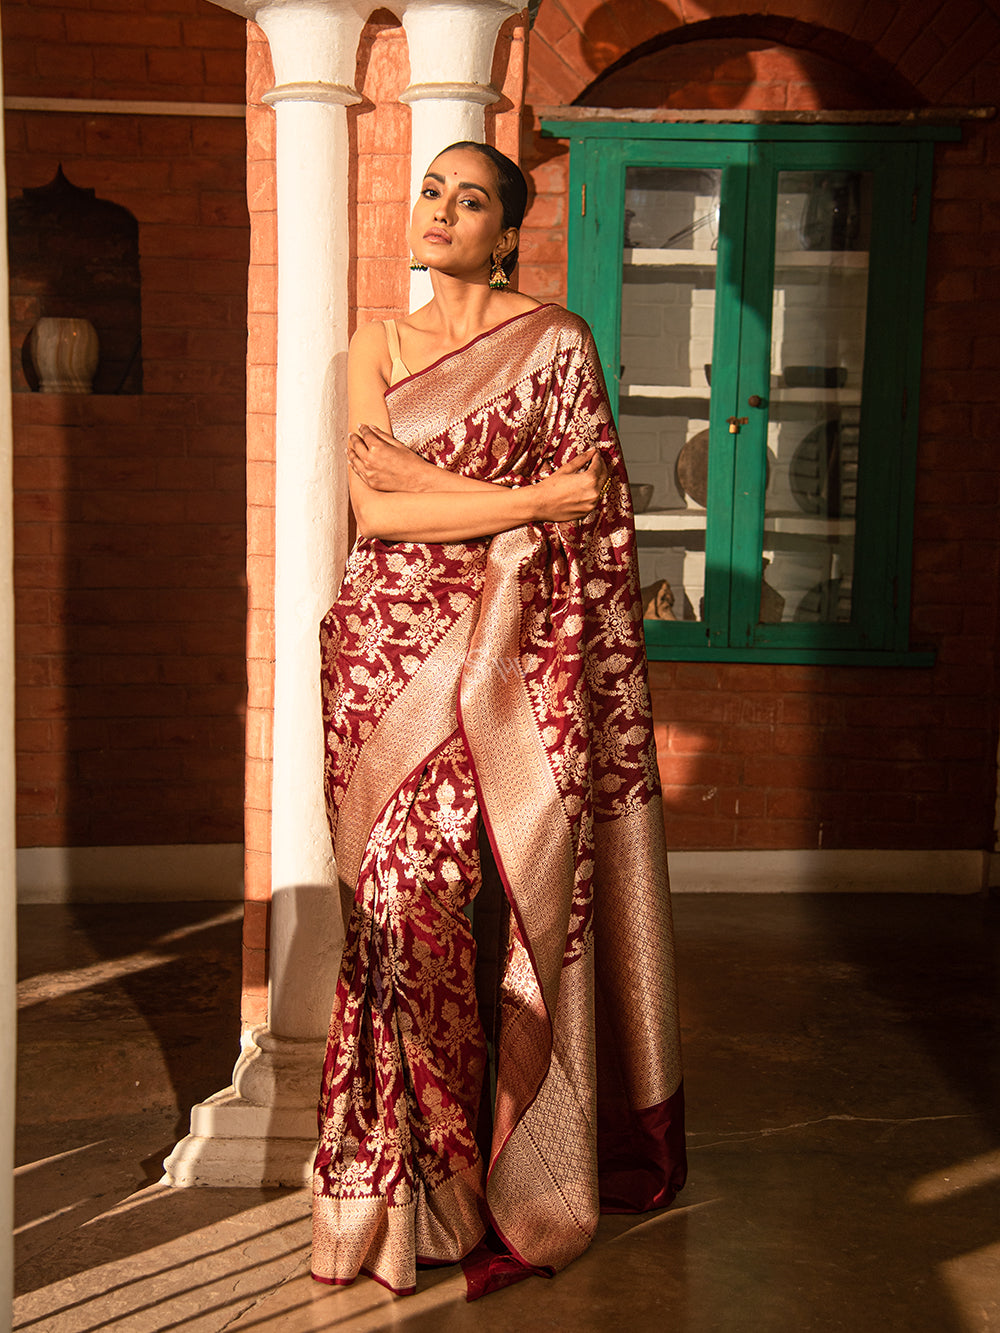 Top 999+ banarasi saree images – Amazing Collection banarasi saree images Full 4K
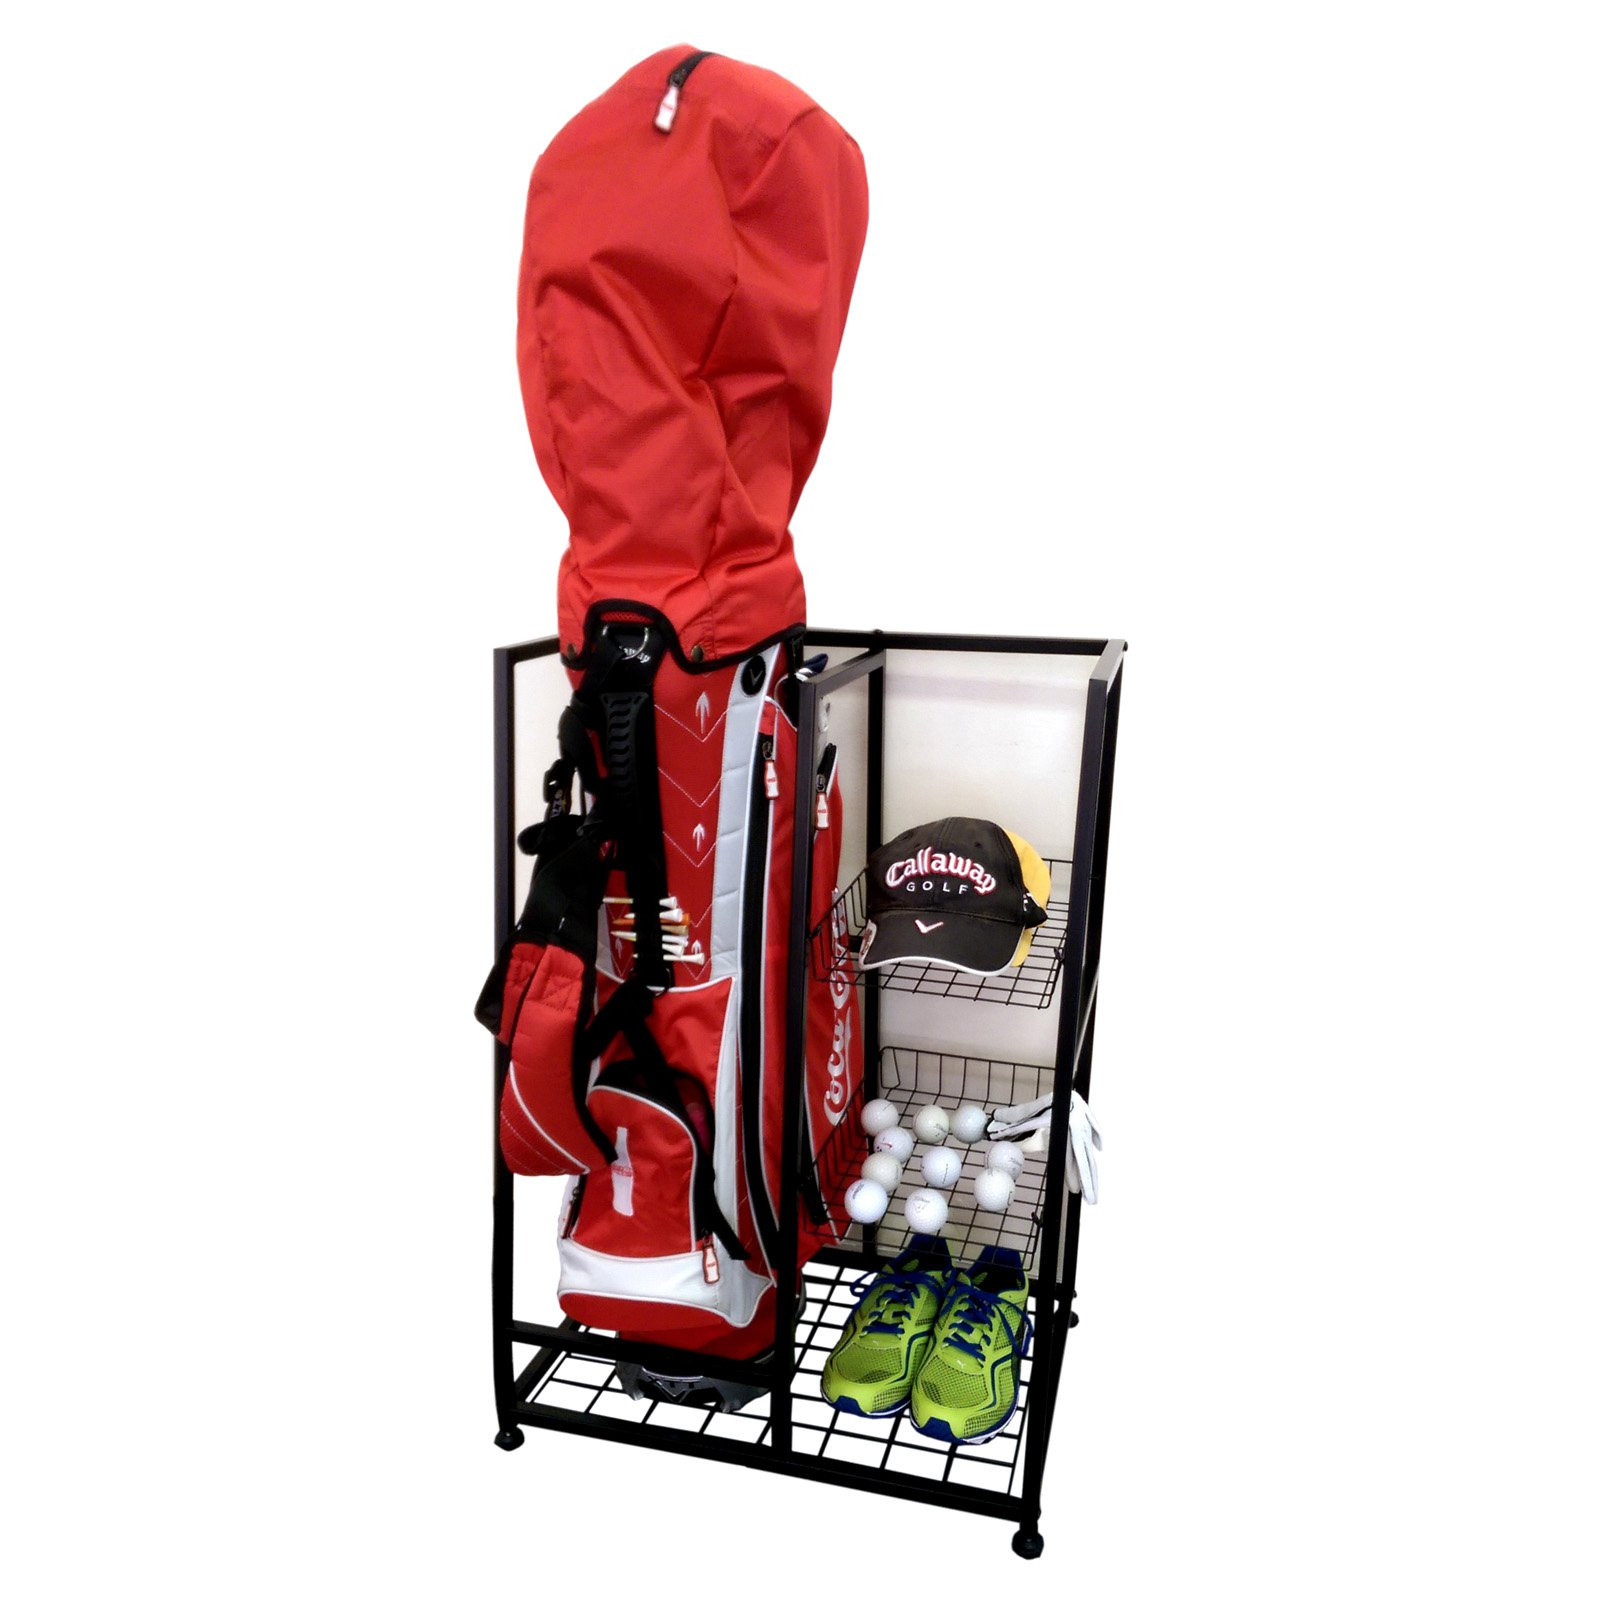 Golf Organizer For Garage
 Single Golf Bag Organizer Garage Accessories Equipment

::::

▶ Activity:
With the pictures left out, give again exactly the lines from the one with "Golf Organizer For Garage" through the end of the data, both included.

▶ Exercise output:
 Golf Organizer For Garage
 Single Golf Bag Organizer Garage Accessories Equipment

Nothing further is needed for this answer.